The Girl on the Train

One day in the mid-1990's I was driving through Seattle with Jules. It was a day like any other and we were headed through South Seattle coming home from shopping or something equally mundane.

Before recent construction changed the landscape of this area the land south of The Kingdome was something of a no-man's-land. Empty, weed-choked lots competed with tired and worn diners for the meager traffic of the down and out.

One large open field, it was pointed out to me, had been the location of Seattle's "Hooverville" during The Great Depression; an empty lot filled with the tarpaper shacks of the unemployed and disenfranchised. Hooverville was long gone, but the character of it remained in the neighborhood.


Hooverville, south of Downtown
Seattle, Washington
c. 1931

The railroad still cuts down the middle of this land, the same as it did back in the 30's when it offered those who wished to dream of better things an avenue to try to find them elsewhere in the country, though all most of those people found were more places that looked like Seattle, with homeless camps, no jobs, and the reek of too many people living in too small a place. I thought about those people sometimes as I drove through this area. There was something about the old diners built into railway cars, overgrown lots and archaic signage that was oddly comforting, like there was a continuity between that time and this.

As we approached the railroad tracks to cross them the lights sounded and the gates came down without a train in sight, and I pulled the car up to the gate and stopped, scanning left and right for any sign of a train, but the tracks were empty. I turned off the car and waited. A low rumble and the urgent clang-clang-clang of a bell told me that a locomotive was approaching from that direction, and so I lazily waited for it to pull into view from behind the hulk of the box truck that had pulled up next to me at the crossing.

The engine emerged doing about 10 MPH right in front of me and I was immediately struck not by the hulking size of the locomotive, but by what was on top of it.
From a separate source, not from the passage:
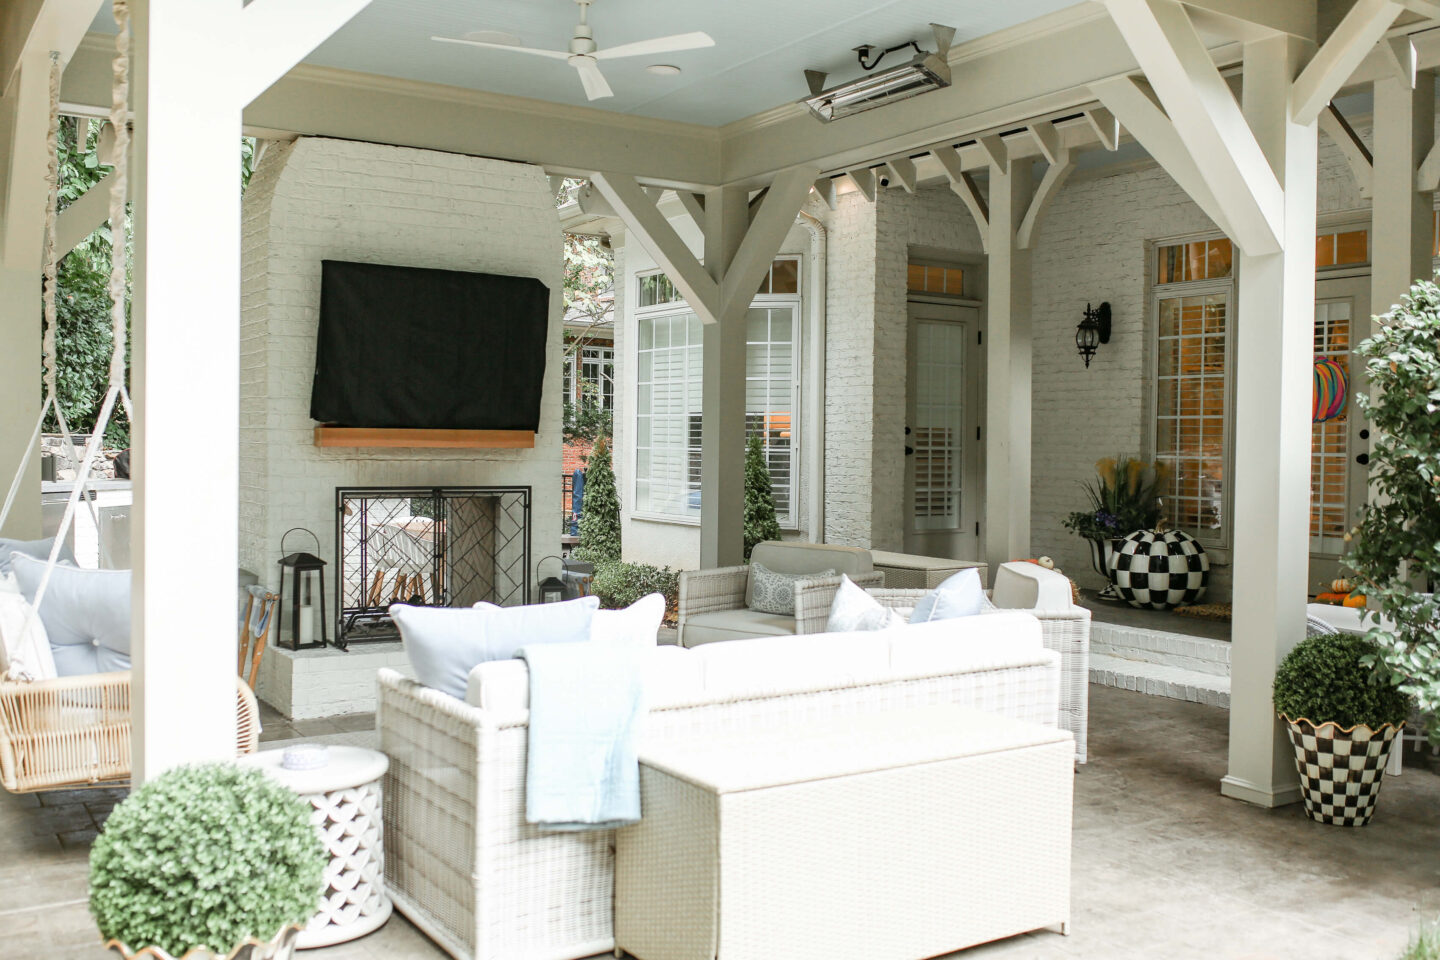 TV on back patio with couch

Rather, I should say who. Sitting on top of 100 tons of steel was a girl of about 16. She sat only about 4 feet back from the leading edge of the engine, sitting straight upright with her hands out in front of her as if to steady herself, and her legs folded together as if she was riding the train side saddle. In that moment i could instantly see Andrew Wyeth's painting called 'Christina’s World', she so reminded me of that position and feeling.


from 'Christina’s World'
N. C. Wyeth — 1948

She was wearing jeans and a worn sweater as I recall, and there was a canvas shoulder back at her side and looped loosely over one shoulder. Aside from that she seemed to have no possessions and yet she sat regally upon an iron chariot. There was something in her posture and in the way she did not notice myself or the other traffic. She sat with her head held high and her eyes fixed on the horizon as if she beheld some great future off in the distance and she was determined to keep her eyes on the prize.

The train rattled slowly past me while the girl moved in a slow arc across the top of my windshield and then out of sight behind the shoulder of the mighty train as it trundled by. I sat in silence and savored the sight of her, not because of the beauty of her form so much as the ideal that she represented. She seemed to spring both from the ghosts of the innocent victims of the Great Depression as well as my own yearnings to move toward the horizon. She was not meant for me or to meet me, but I felt like I was meant to see her and to carry her memory with me.

For several years I seemed to think of that girl every day. Over time that rate has faded to where now she only emerges from the darkness of mind on irregular intervals, but she is still there, holding fast to her train and to her vision of the horizon and I feel like I have a closer tie to my own vision when I think of her.